Journal of Electrical and Computer Engineering ◽

10.1155/2013/272341 ◽

2013 ◽

Vol 2013 ◽

pp. 1-8

Author(s):

Konstantinos Koufos ◽

Riku Jäntti

Keyword(s):

Computational Complexity ◽

Power Allocation ◽

Spectrum Allocation ◽

Primary System ◽

White Space ◽

Tv White Space ◽

Performance Loss ◽

The Cost ◽

Allocation Algorithms ◽

Modified Algorithm

The key bottleneck for secondary spectrum usage is the aggregate interference to the primary system receivers due to simultaneous secondary transmissions. Existing power allocation algorithms for multiple secondary transmitters in the TV white space either fail to protect the TV service in all cases or they allocate extremely low power levels to some of the transmitters.
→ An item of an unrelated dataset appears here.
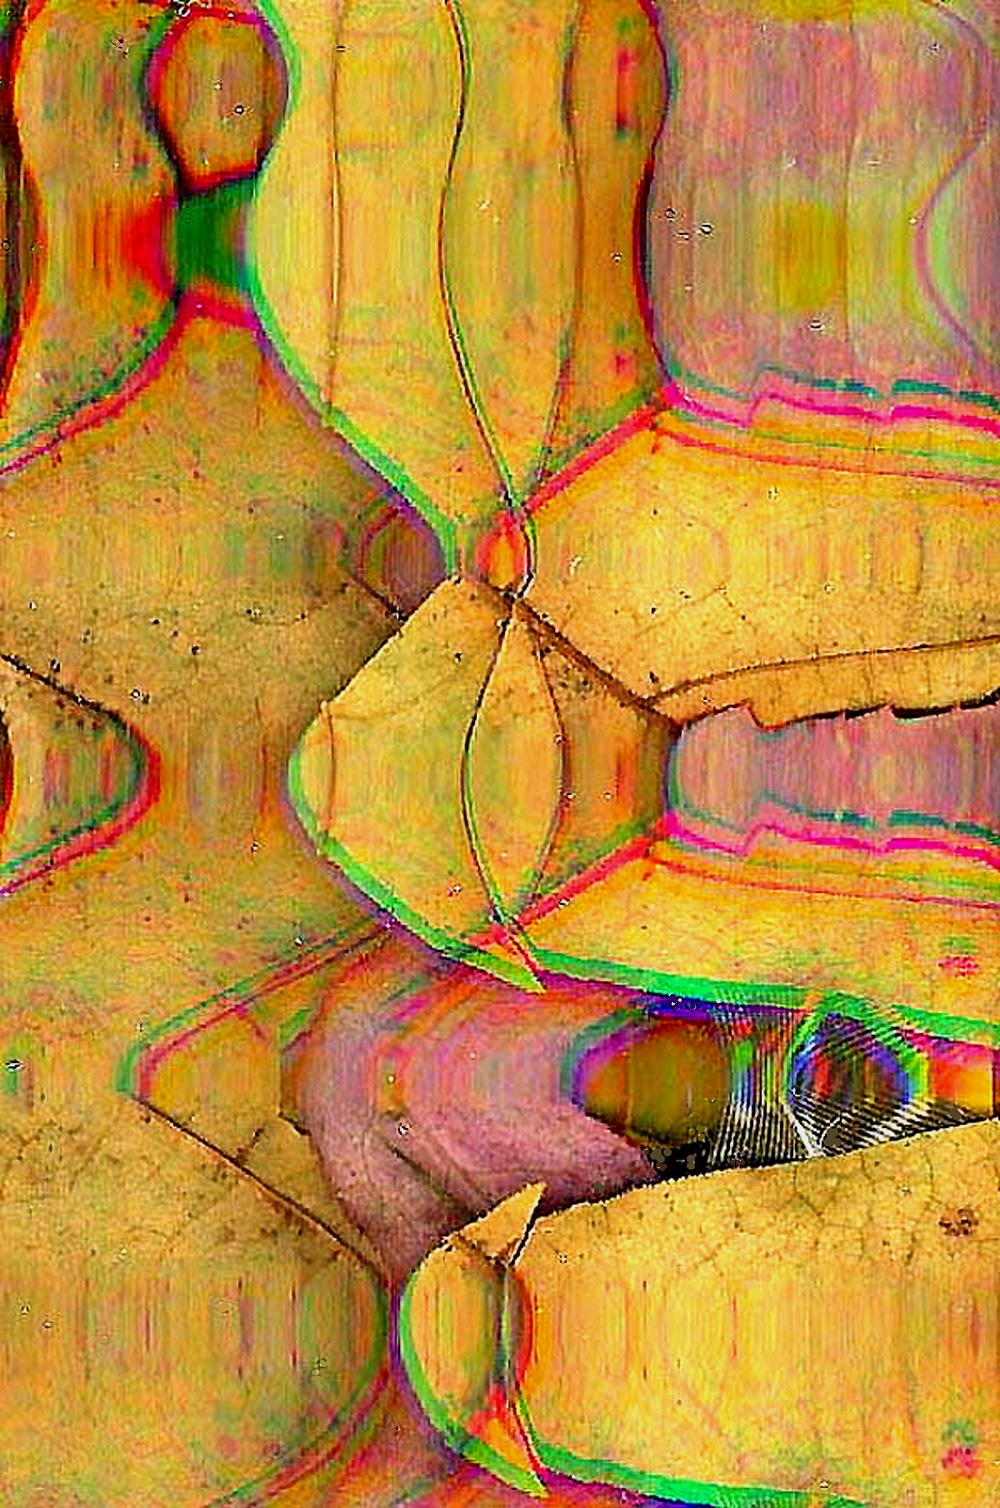 Mixed-Media Digital Image, Making Par Fleche, by Robert Bharda

In this paper, we propose a power allocation algorithm that favors equally the secondary transmitters and it is able to protect the TV service in all cases. When the number of secondary transmitters is high, the computational complexity of the proposed algorithm becomes high too. We show how the algorithm could be modified to reduce its computational complexity at the cost of negligible performance loss. The modified algorithm could permit a spectrum allocation database to allocate near optimal transmit power levels to tens of thousands of secondary transmitters in real time. In addition, we describe how the modified algorithm could be applied to allow decentralized power allocation for mobile secondary transmitters. In that case, the proposed algorithm outperforms the existing algorithms because it allows reducing the communication signalling overhead between mobile secondary transmitters and the spectrum allocation database.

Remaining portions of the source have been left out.